There are plenty of skeptics wondering why the Mariners blew up a team that went 89-73 last season, but Servais isn't among them. He knew significant change was going to be needed before long with a roster that had been built largely around older veterans with large contracts.
Rather than wait too long to move players whose window was growing short, the Mariners chose to trade players like James Paxton and Mike Zunino for peak value before their final seasons of arbitration eligibility. They dealt All-Stars Robinson Canó, Jean Segura and Edwin Díaz for prospects and future payroll flexibility. Nelson Cruz left in free agency.
It's not an easy transition for fans or players who'll need to learn all the new names and faces, but Servais believes this spring offers hope of something better down the road. A franchise that hasn't made the postseason in 17 years and struggled to develop top Draft picks and prospects suddenly has an influx of promising youngsters ready to re-write the script.

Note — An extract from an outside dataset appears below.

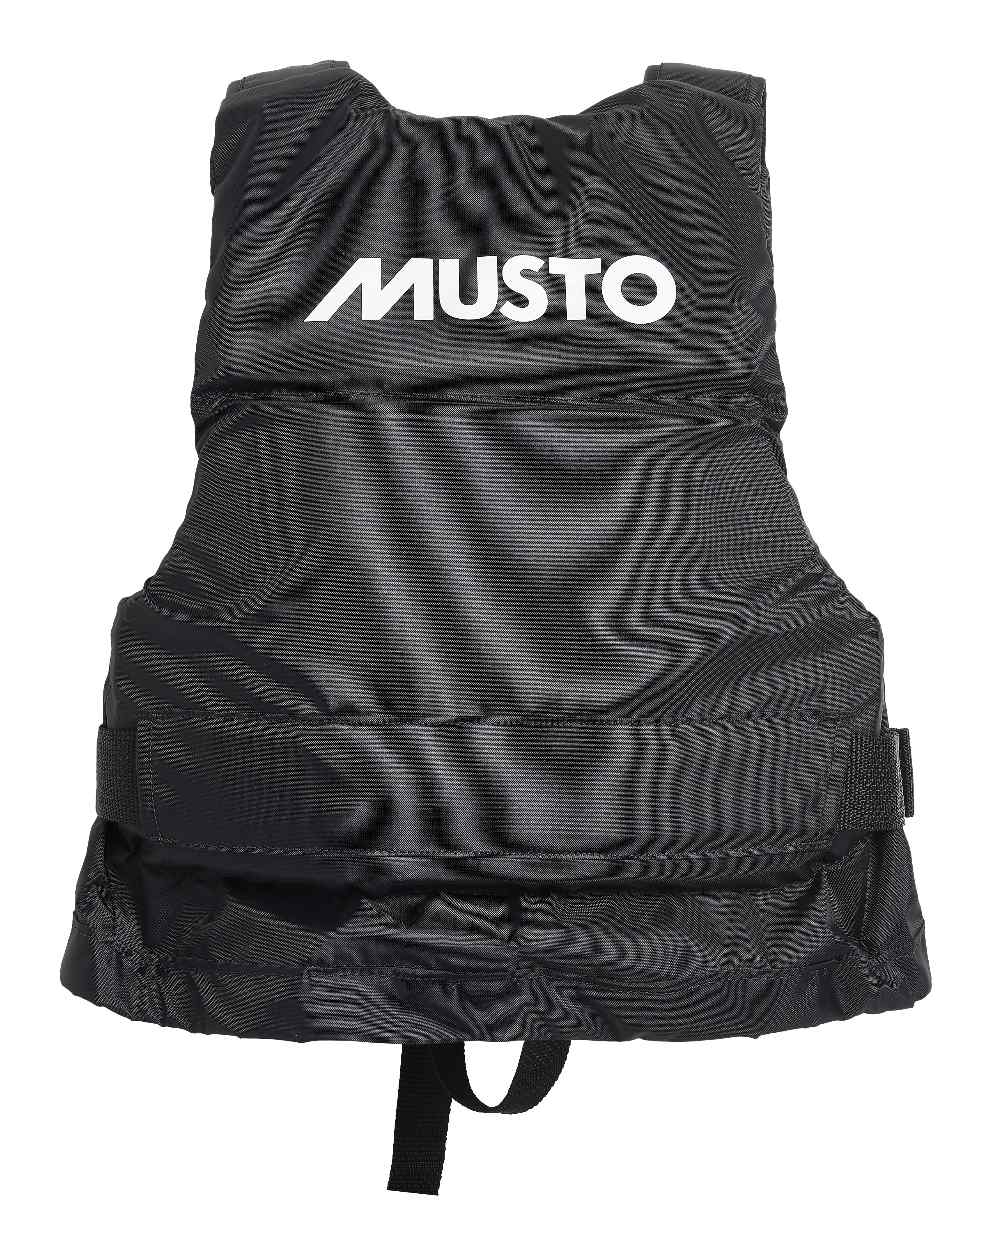 Black Coloured Musto Junior Buoyancy Aid On A White Background

"I've been through this before with Texas when we did a similar thing," Servais said. "I've been through this as a player when I first started out with the Astros. There were some names that nobody knew about. Nobody knew about a guy ... 'Who's this guy Jeff Bagwell?' He ended up being OK."
Bagwell turned into a Hall of Famer for the Astros, who have again hit it big recently with a flock of new talent developed after some lean years. The challenge of catching up to Houston in the American League West is one of the reasons the Mariners knew they had to take a different tack.
Young pitchers Justus Sheffield and Erik Swanson, acquired from the Yankees for Paxton, will be counted on as part of that future. Justin Dunn, one of five players who came from the Mets in the Cano/Diaz trade, is another pitcher to watch this spring.
This will be a camp built around new acquisitions like Japanese free-agent pitcher Yusei Kikuchi, catcher Omar Narváez, outfielders Domingo Santana and Mallex Smith, infielders J.P. Crawford and Shed Long, as well as previous first-round Draft picks Kyle Lewis and Evan White.
Servais is preaching patience, and noting that given time, these newcomers will carve their own niche and fans will forge new favorites.
"I don't know if we acquired a Jeff Bagwell, but we're going to find out," Servais said. "I know it's not the household names, believe me, but by the middle of May, you'll have plenty to root for."